|
A Modest Proposal...
...for the Perfection of Nature
Vonda N. McIntyre
Included in Breaking Waves
The crop grows like endless golden silk. Wave
after wave rushes across plains, between mountains, through valleys, in
a tsunami of light.
Its harvest is perfection. It fills the nutritional needs of
every human being. It adapts to our tongues, creating the taste,
texture, and satisfaction of comfort food or dessert, crisp vegetables
or icy lemonade, sea cucumber or big game. It’s the pinnacle of the
genetic engineer’s art.
It’s the last and only living member of the plant kingdom on earth.
Solar cells cover slopes too steep and peaks too high for the
monoculture. The solar arrays flow in long, wide swaths of glass,
gleaming with a subtle iridescence, collecting sunlight. Our
civilization never runs short of power.
The flood of grain drowns marsh and desert, forest and plain,
bird and beast and insect. Land must serve to produce the crop;
creatures only nibble and trample and damage it, diverting resources
from the service of human beings. Even the immortality of rats and
cockroaches has failed.
The grain stops at the ocean’s beach. No rivers muddy the sea’s
surface or break the shoreline. The grain and the cities require fresh
water, and divert it before it wastes itself in the sea.

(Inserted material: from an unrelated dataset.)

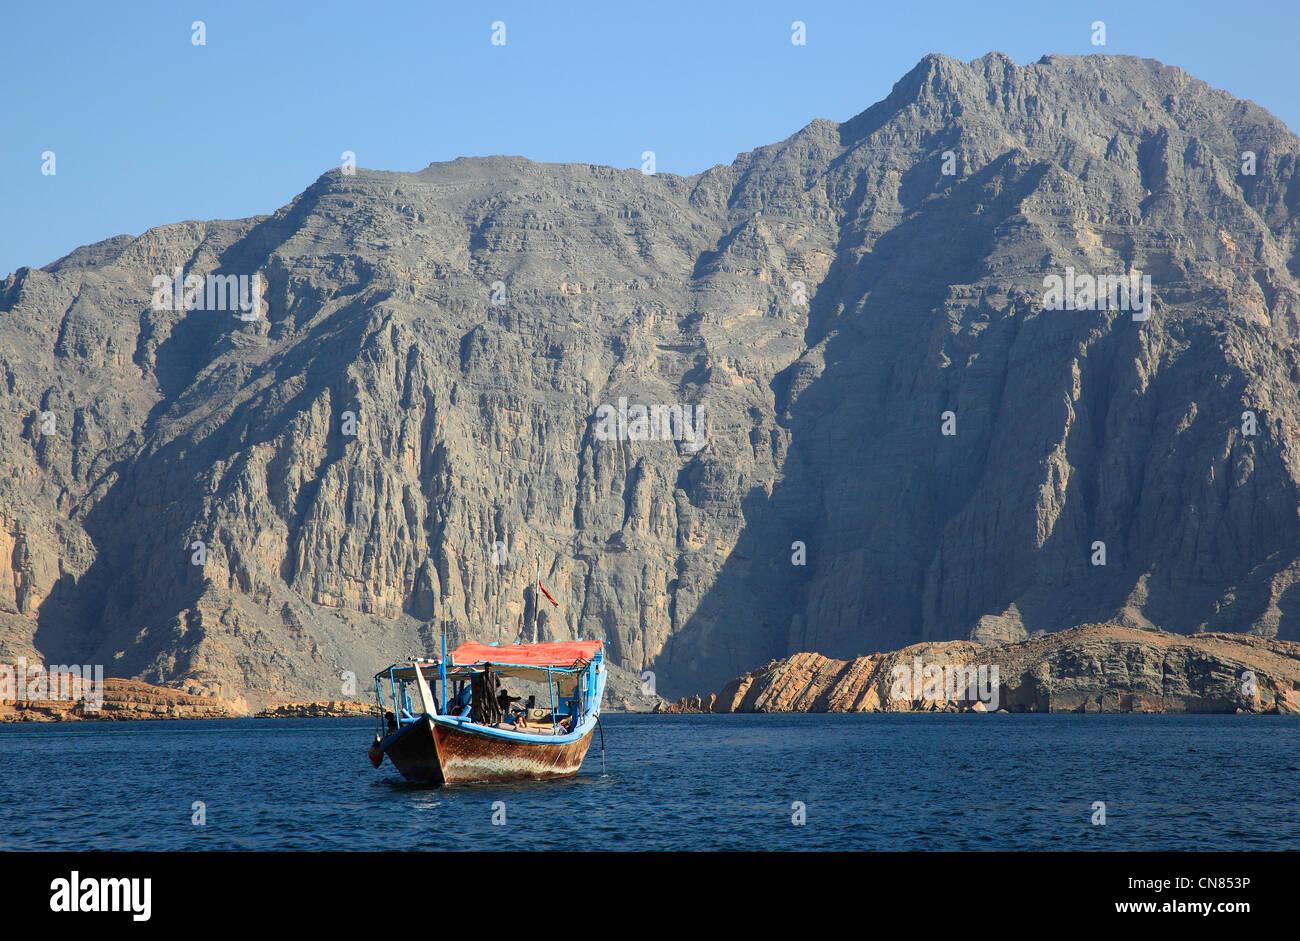 Dhau in den Buchten von Musandam, Shimm-Meerenge, in der omanischen Enklave Musandam, Oman Stock Photo

The tides wash up and back, smoothing the clean silver sand,
leaving it bare of tangled seaweed, of foraging seabirds or burrowing
clams, of the brown organic froth that dirtied it in earlier times. Now
and then the waves erase a line of human footprints, but these are very
rare.
The air is clear of any bite of iodine, any hint of pollution or decay.
The sea undulates, blue and green, clear as new glass. Sunlight
shimmers on its surface and dapples the bare sea floor. Underwater
turbines cast shadows on the sand. The tides power the turbines,
tapping the force of gravity.
Far from shore, where its colonies will not interrupt the
vista of clear water, a single species of cyanobacterium
photosynthesizes near the surface, pumping oxygen into the crystalline
air, controlling the level of carbon dioxide. Its design copes easily
with the increasing saltiness of the sea.
Except for the cyanobacteria, the ocean’s cacophony of
microscopic organisms has followed redwoods, mammoths, and Hallucigenia
into extinction. The krill are gone; krill would be of as little use to
people as sharks and seabirds, fish or jellyfish, seashells or whales.
They are all gone, too.
The water deepens beyond the reach of light. The continental shelf ends in a precipice, dropping off into darkness.
On the sea floor, the glass-lace shells of diatoms lie clean and
dead, slowly settling. In a moment of geologic time, they will form
white limestone.
In the deepest trenches, black smokers gush scalding chemical
soup. Machines sense the vents of heat, swim to them, and settle over
them to trap the energy of the center of the earth. Nothing remains for
the sustenance and evolution of primordial life in these extraordinary
environments.
The strange creatures who lived there, and died, were never any use to human beings.
All the resources of sea and land serve our needs.
Cities of alabaster and adamantine grace the crests of mountains
and span the flow of rivers. The cities’ people live rich, full lives,
long and healthy, free of disease. We are well fed. We have
interesting, challenging occupations and plenty of time for leisure,
family, and virtual reality. We can experience any adventure, from
wilderness to exotic ritual, without the expense, trouble, or danger of
travel. We can experience any adventure that ever happened, any
adventure anyone can imagine. The virtual experience matches reality or
invention in every way: sight, sound, smell; touch and movement.
Our civilization pulses with vitality. We have unlimited
opportunity: of thought, of achievement, of freedom, and of the pursuit
of happiness.
Whatever we require, human ingenuity can invent and provide.
And if in some unlikely but imaginable future we should wish to
recreate any organism, the means to do so exist. DNA sequences, RNA
sequences, are easy to write down and archive; there is no need to
store messy biological material, either tough and persistent DNA or
fragile and degradable RNA. We are magnanimous; we have preserved the
blueprints for everything, even parasites and pathogens.
No one has bothered to recreate an organism in a very long
time. We have considered the question long and hard, and we have made
our decision. No creation of nature has an inherent right to exist,
independent of our need.
We have perfected nature, for we are its masters.